IV.                 The Profundity of Marriage
A.        Differences between husband and wife: “The husband is above all he who loves and the wife, on the other hand, is she who is loved. The wife’s ‘submission’ to her husband understood in the context of the entire passage (Eph 5)…, signifies above all ‘the experiencing of love”…” reflecting the Church’s submission to and experiencing Christ’s love” (9/1/82). Husbands are to shed their flesh and blood for their brides, just like Jesus shed his flesh and blood on the Cross—continued in the Eucharist—for his Bride, the Church.
B.        Conjugal union is liturgical! (2/9/83). We worship God with our bodies—that is why we have sacraments which always have to be sense-perceptible.
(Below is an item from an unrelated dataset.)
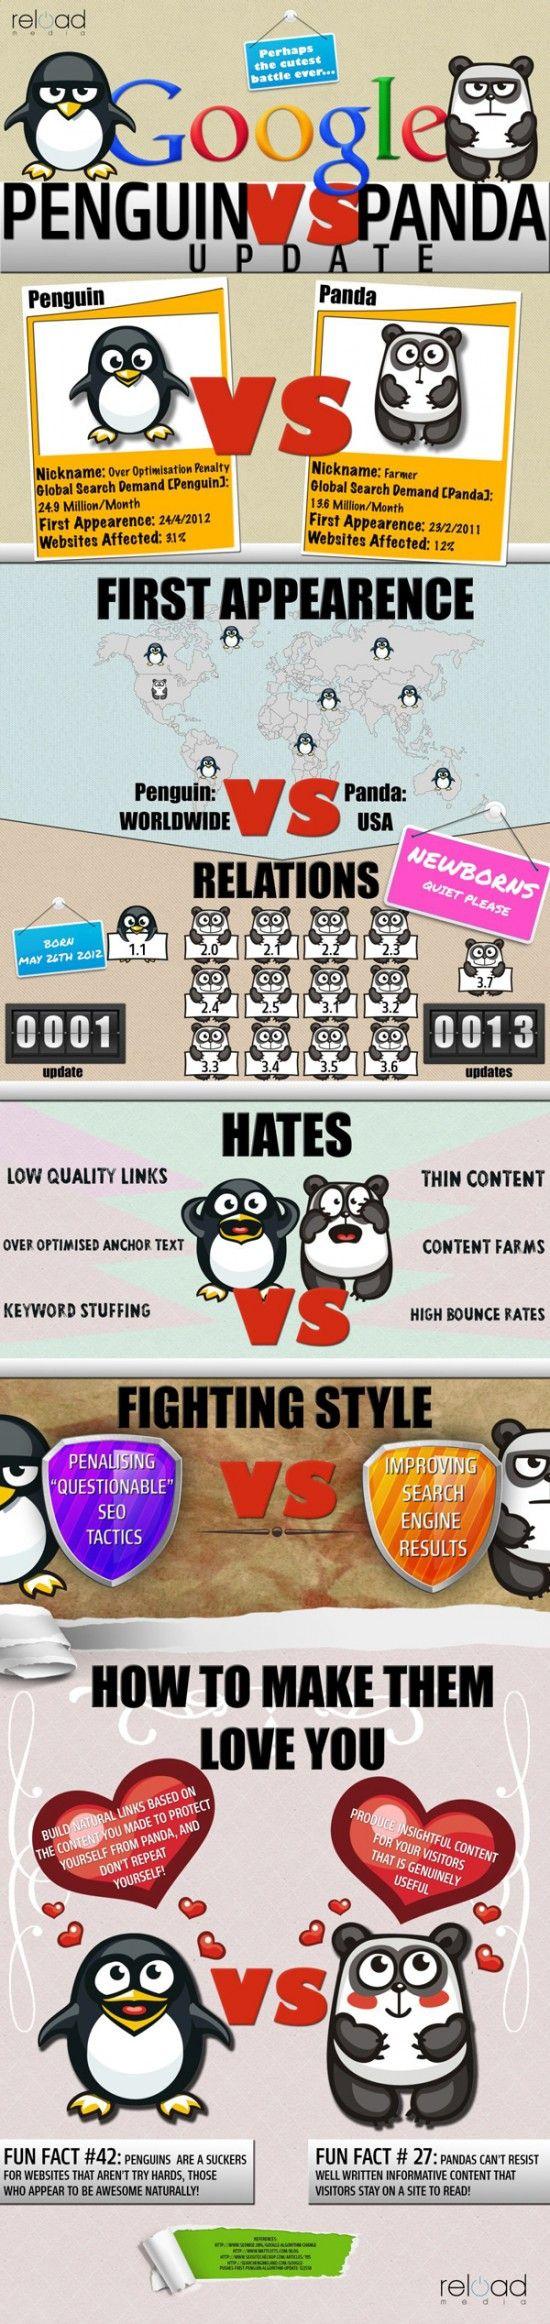 Google Penguin VS Panda #SEO#Google Penguin

For the married couple, they are worshipping God if their union is based on Jesus’ love for the Church.
V.                  Preparation for Marriage
A.        Live the virtues—from chastity to charity, not just with one’s fiancé but with all.
B.        Be faithful to the Church’s teachings, not because the Church does not want to let us “have fun” but for the sake of your future marriage.
C.        Be holy people, especially by frequenting the sacraments and having prayer time.
D.        Ask St. Joseph and our Lady to help you to see more and more what the domestic church you are about to form means.
E.        Be brave. If it is your calling to marry this person, know that Jesus can see you through. If it is not to be your vocation, break it off and live with the pain beforehand.
VI.                 The Most Important Words of the Universe: This is my body.
 
Question for Dialogue:
In juxtaposition to the typical, societal understanding of marriage/sex, how does knowing that marital intercourse is liturgical affect your intention to enter in to union with your future spouse?